When she reached the top of Everest with a Ukrainian flag last week, Antonina Samoilova, 33, had tears in her eyes, she confessed on Wednesday after returning to Kathmandu.
The flag carried the motto “Stand With Ukraine” (“Support Ukraine”), a message also for his father and brother who serve in the army, defending their country from the Russian invasion.
“It’s a shame” that the world doesn’t pay more attention to Ukraine, he told AFP. “It’s not good for us Ukrainians because we need more help, we need everyone to help us,” she said.
“I already knew before the expedition that I am the only Ukrainian on Everest this year. That propelled me to go to the summit because I knew if it wasn’t me, who would it be?” she says.
When news of the Russian invasion reached her in February, Samoilova was atop Pico de Orizaba, the highest mountain in Mexico.
His first news of the war was given to him by his sister from a kyiv bomb shelter.
On his way back after reaching the top of Everest, he learned that the region where his father and brother had volunteered to fight was quiet. Thank God, she remembers him thinking.
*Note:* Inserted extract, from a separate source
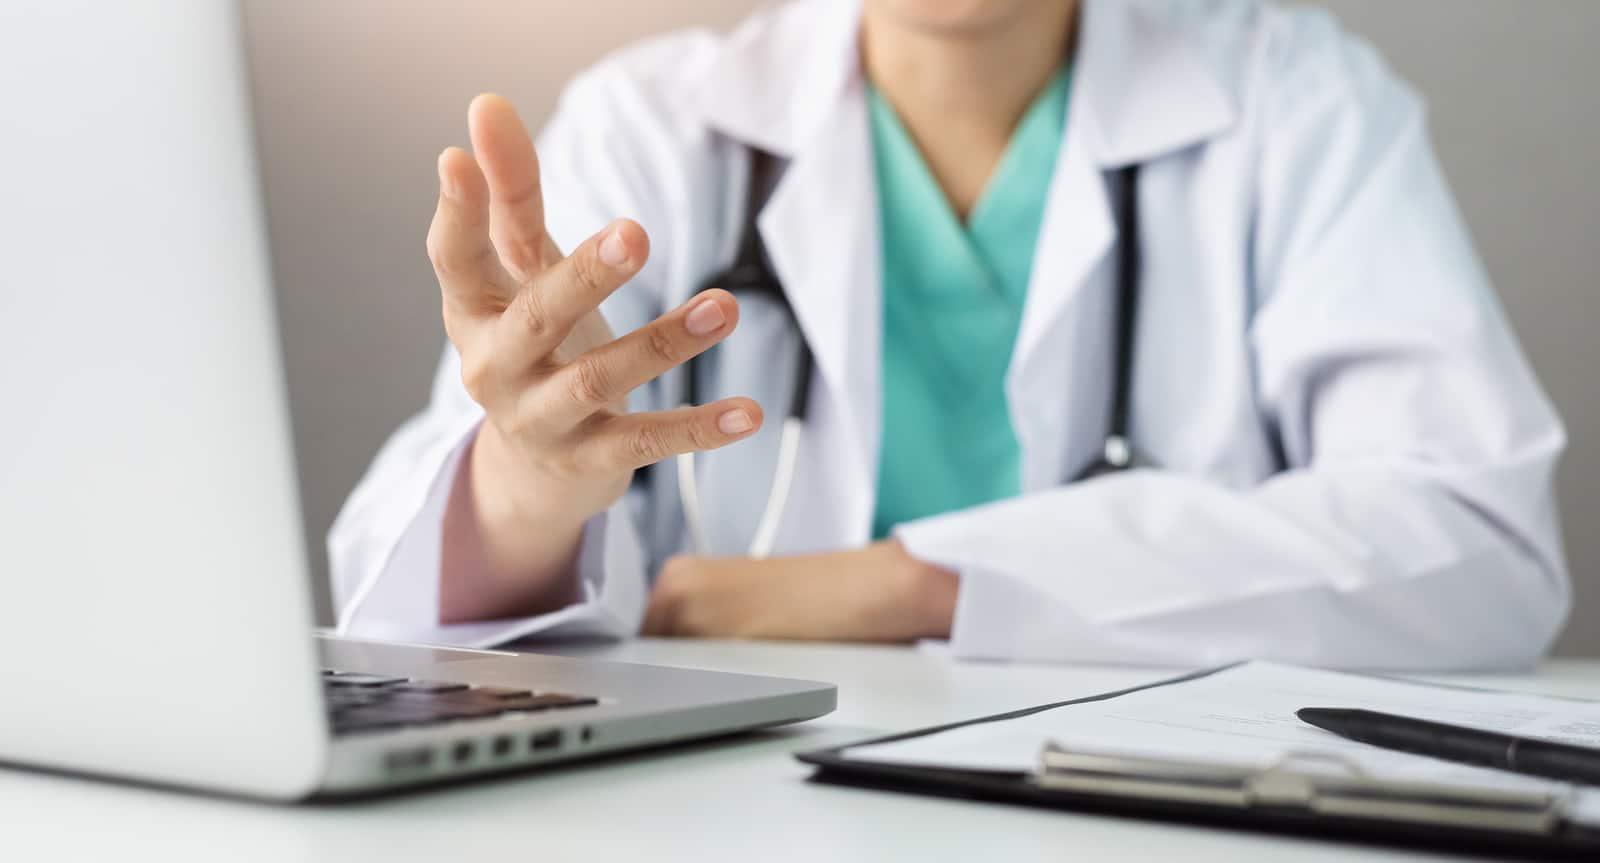 gerenciamento-de-pacientes-cronicos

And once he reached base camp, his phone vibrated with hundreds of messages of support from friends and strangers.
“Tonia, you are not only our pride, you are the pride of all Ukraine,” her father told her in a message.
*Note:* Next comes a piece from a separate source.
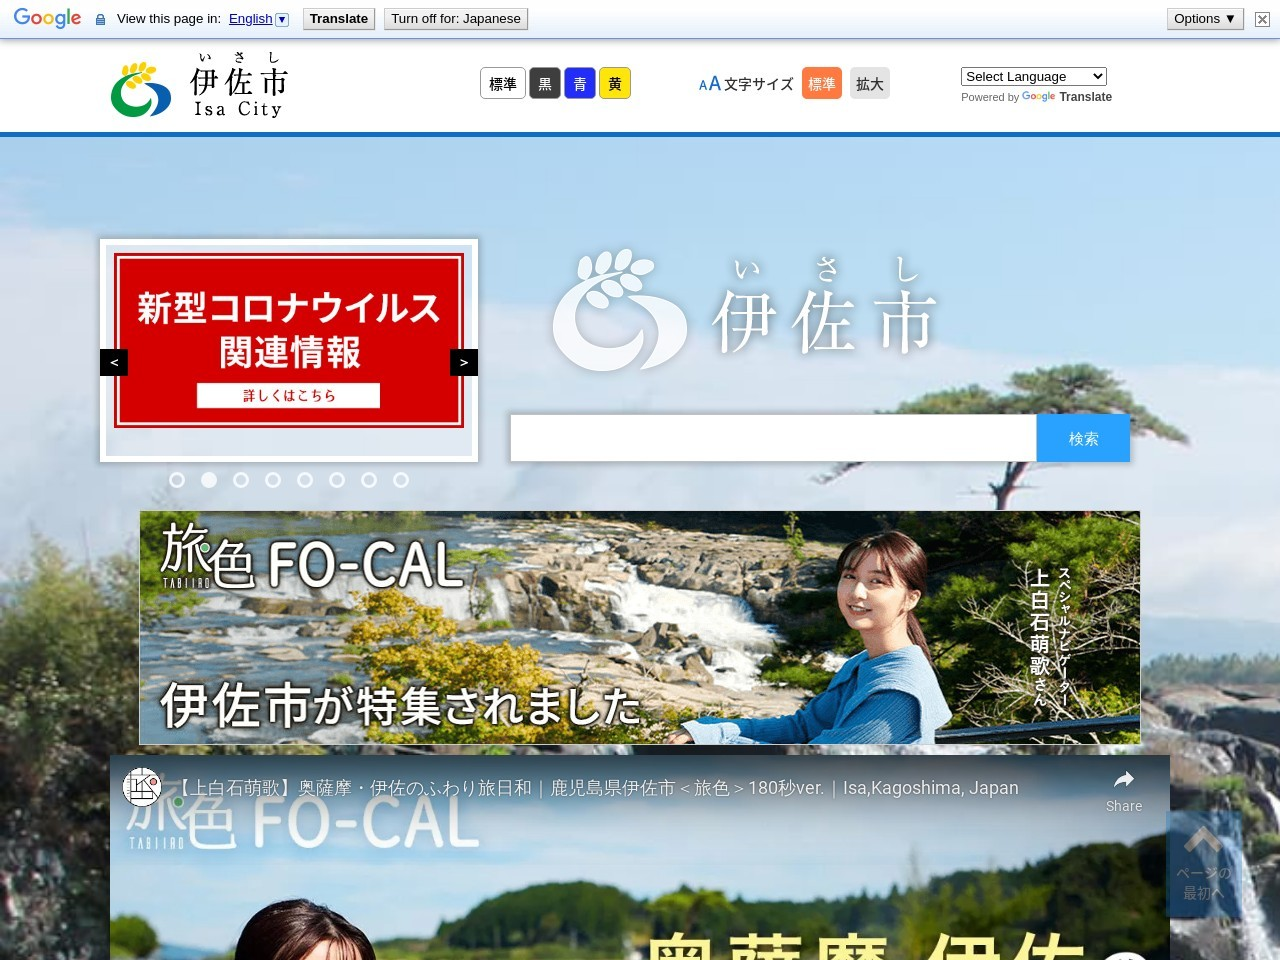 http://www.city.isa.kagoshima.jp/event/2018/_102930_10001500.html

For this year’s Everest spring climbing season, which runs from mid-April to the end of May, Nepal has issued 319 permits to foreign climbers, each accompanied by at least one guide.
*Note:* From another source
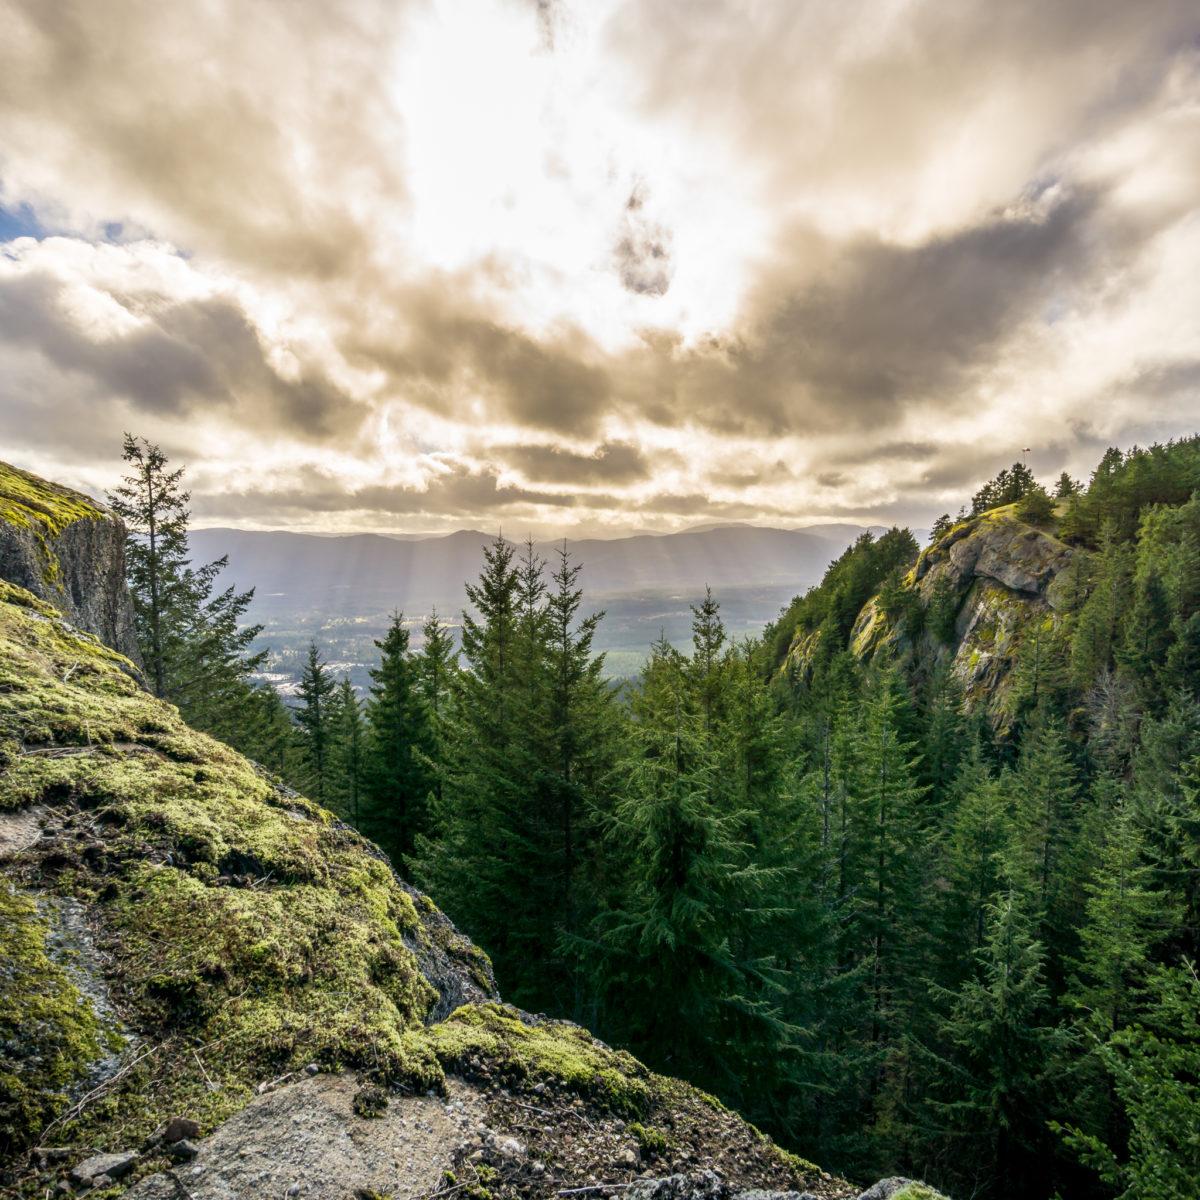 Mt Prevost_Cowichan Valley_Chris Istace-02615

Samoilova aspires to enter the select club of climbers who have managed to climb the Seven Summits – the highest mountains on each continent – and has already completed Kilimanjaro in Africa, Mount Elbrus in Europe and Vinson in Antarctica.
But first he plans to see his sister and nephew, who fled to Croatia, and then return to his father and brother in Ukraine. “I just want to hug them,” she says.